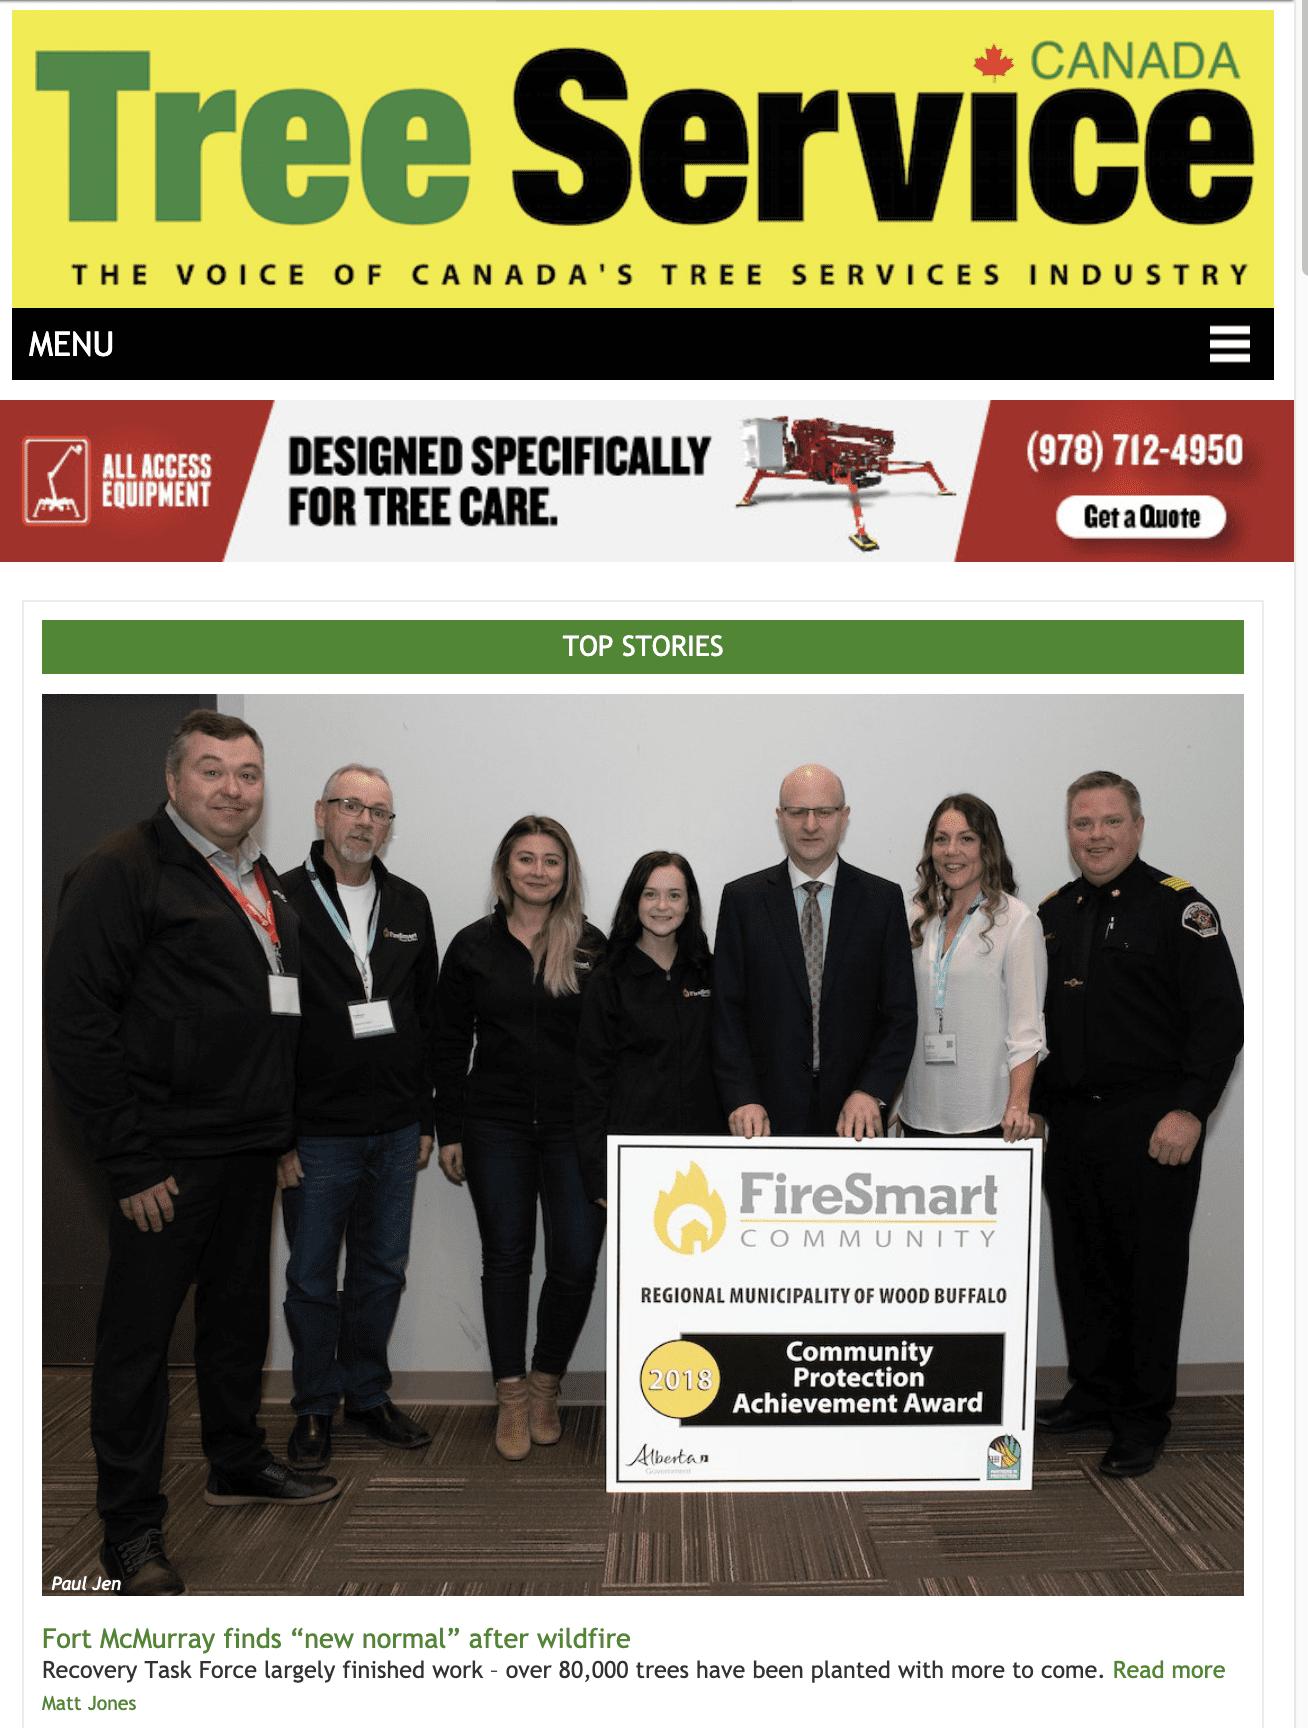 Tree Service Canada – website 20190530
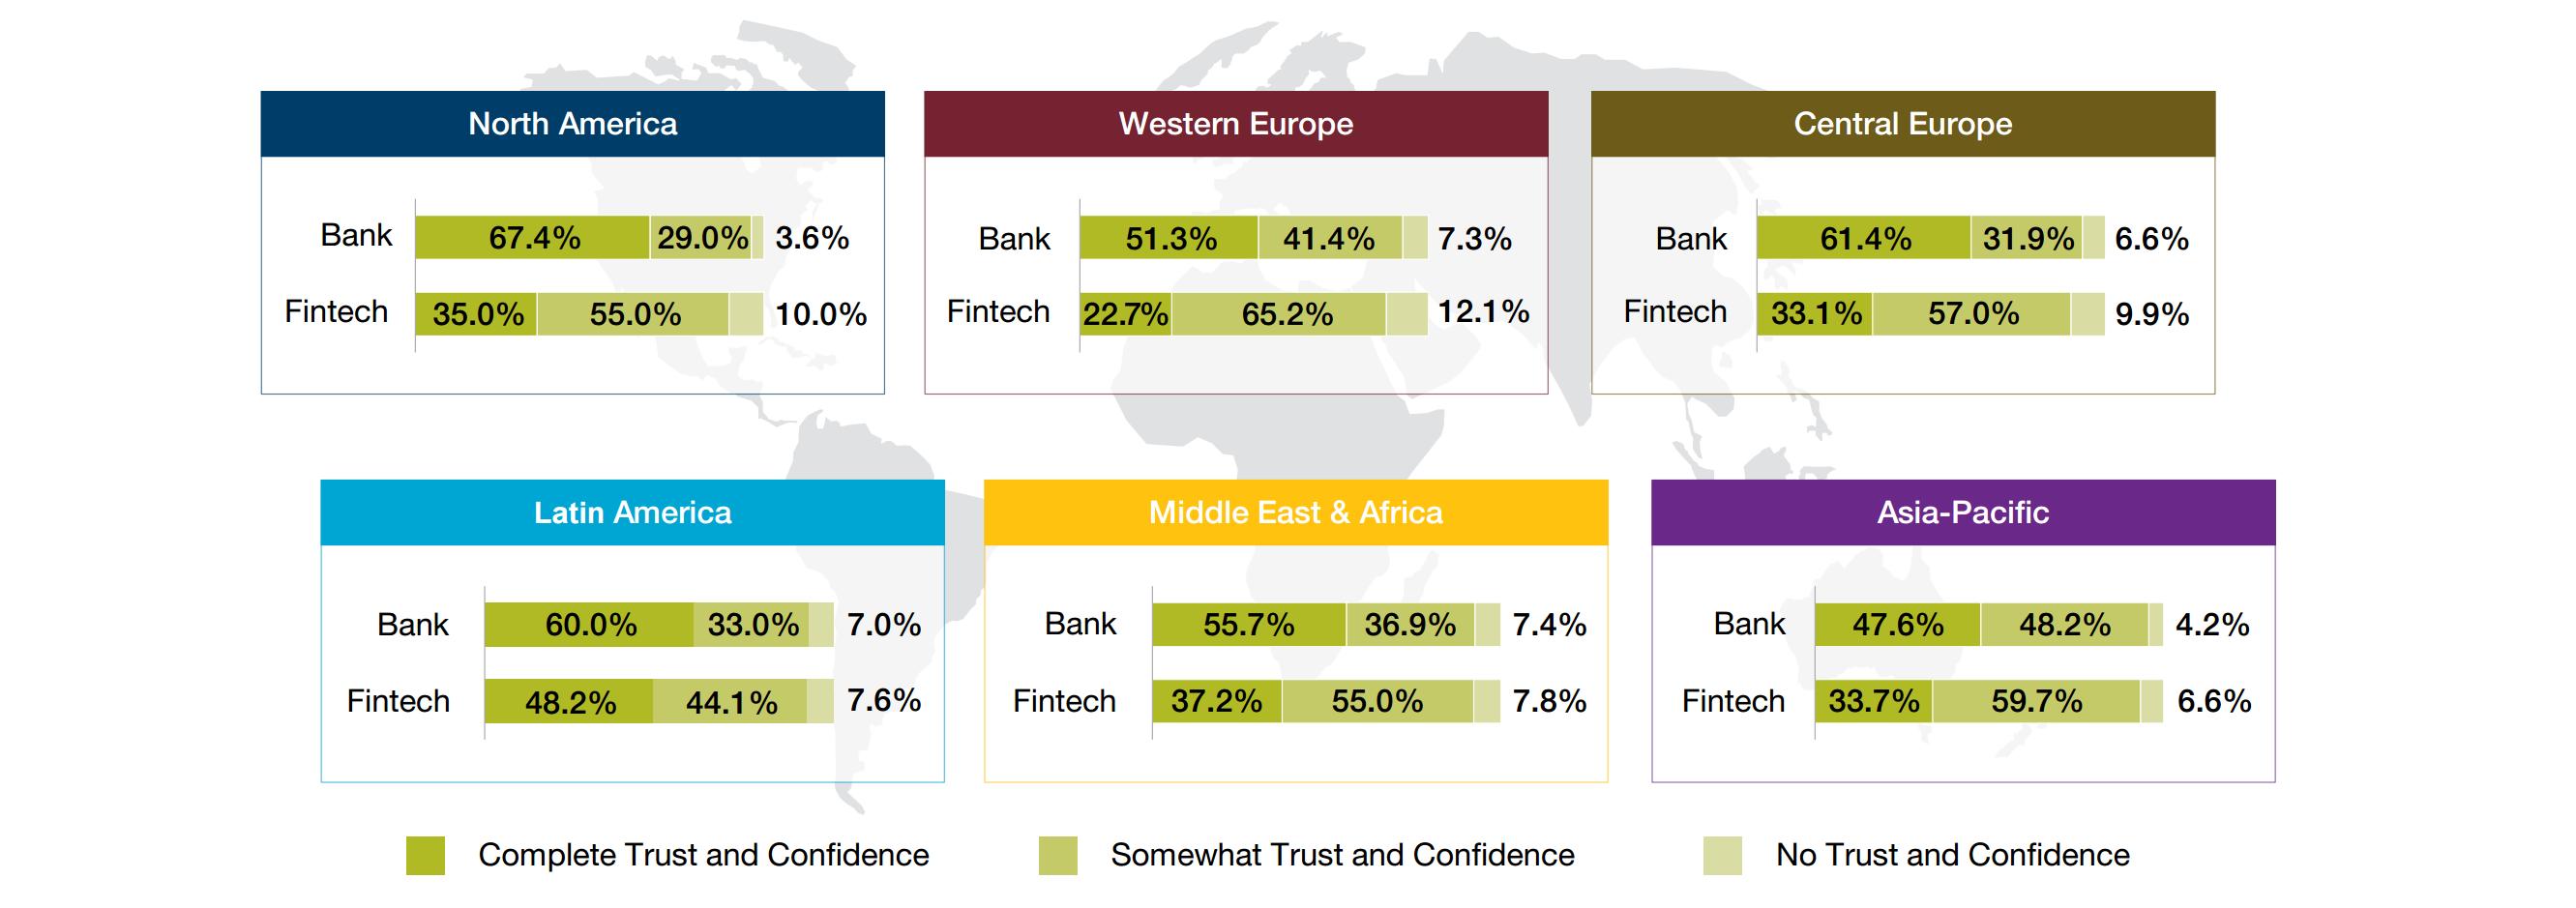 Image: World Retail Banking Report
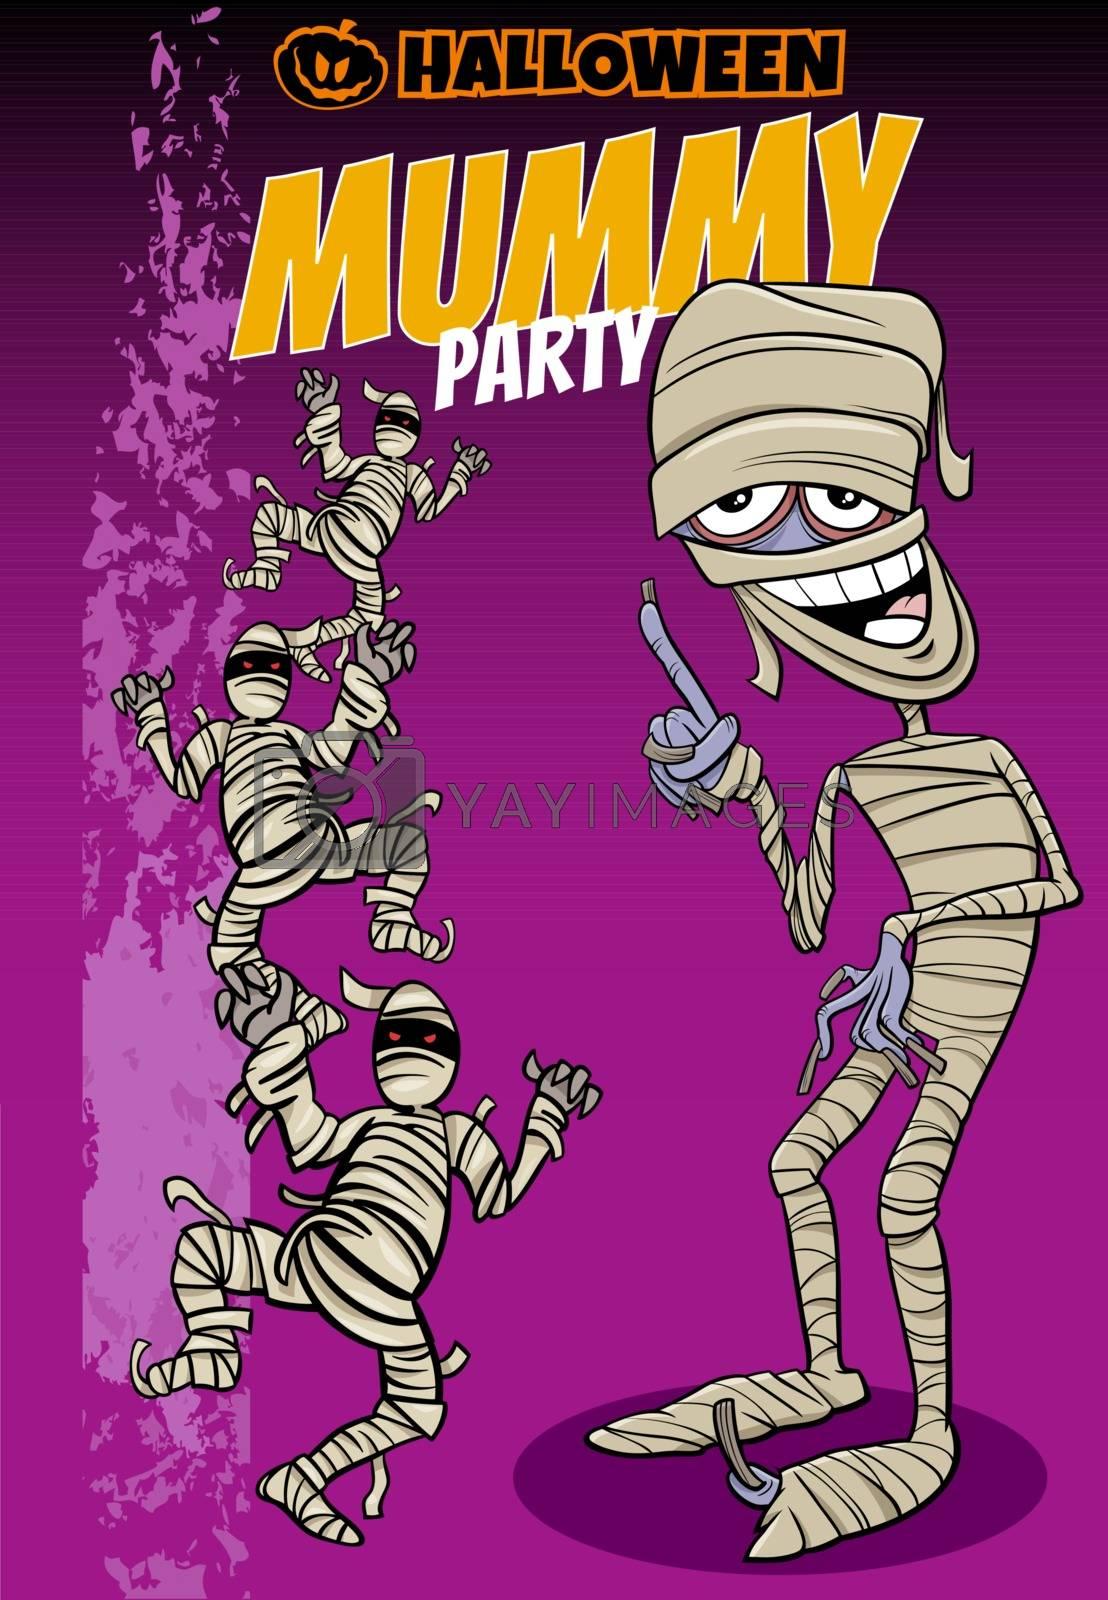 Cartoon Illustration of Halloween Holiday Mummy Party Poster or Invitation Design
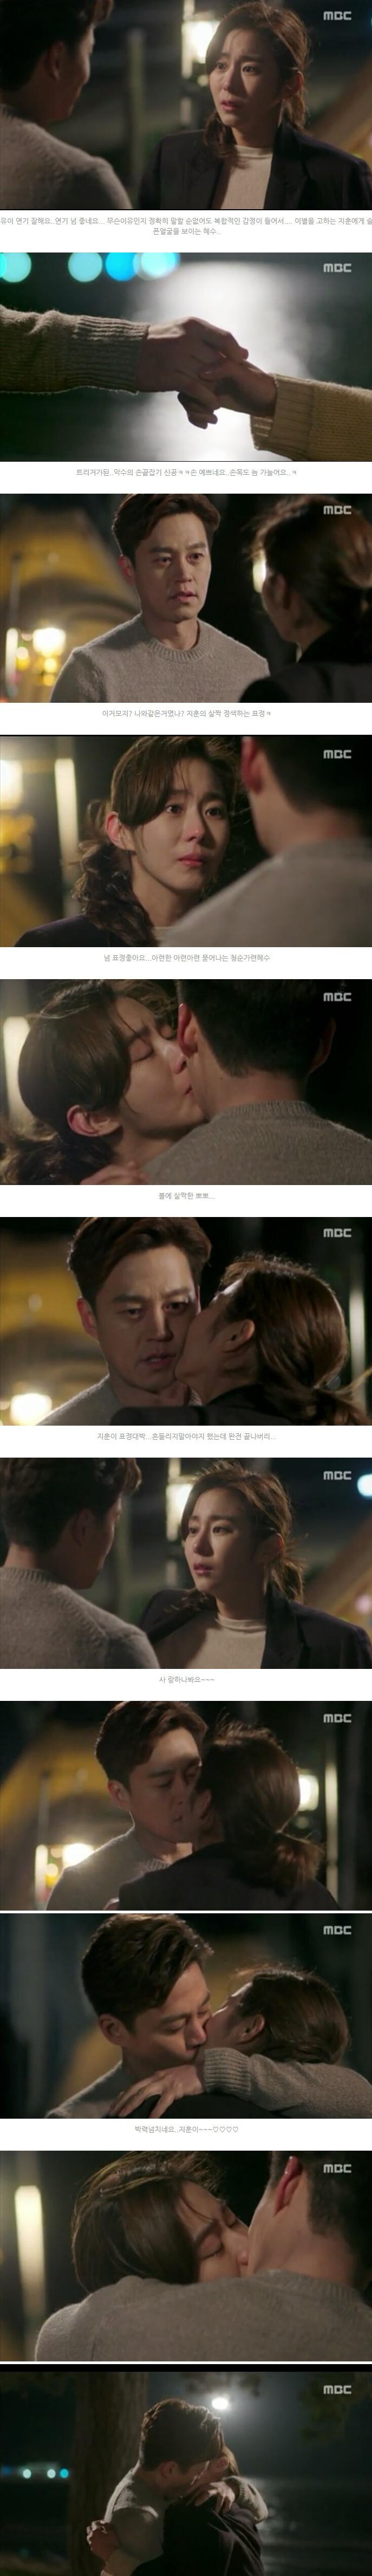 Marriage Contract Ep 9 : marriage, contract, Marriage, Contract, (결혼계약), Korean, Drama, Episode, Picture, HanCinema, Movie, Database

### Assigned task
A faithful copy is needed of the lines from the one containing "Image: World Retail Banking Report" through the last line of the data above, with pictures left out.

### Solution
 Image: World Retail Banking Report
 Cartoon Illustration of Halloween Holiday Mummy Party Poster or Invitation Design
 Marriage Contract Ep 9 : marriage, contract, Marriage, Contract, (결혼계약), Korean, Drama, Episode, Picture, HanCinema, Movie, Database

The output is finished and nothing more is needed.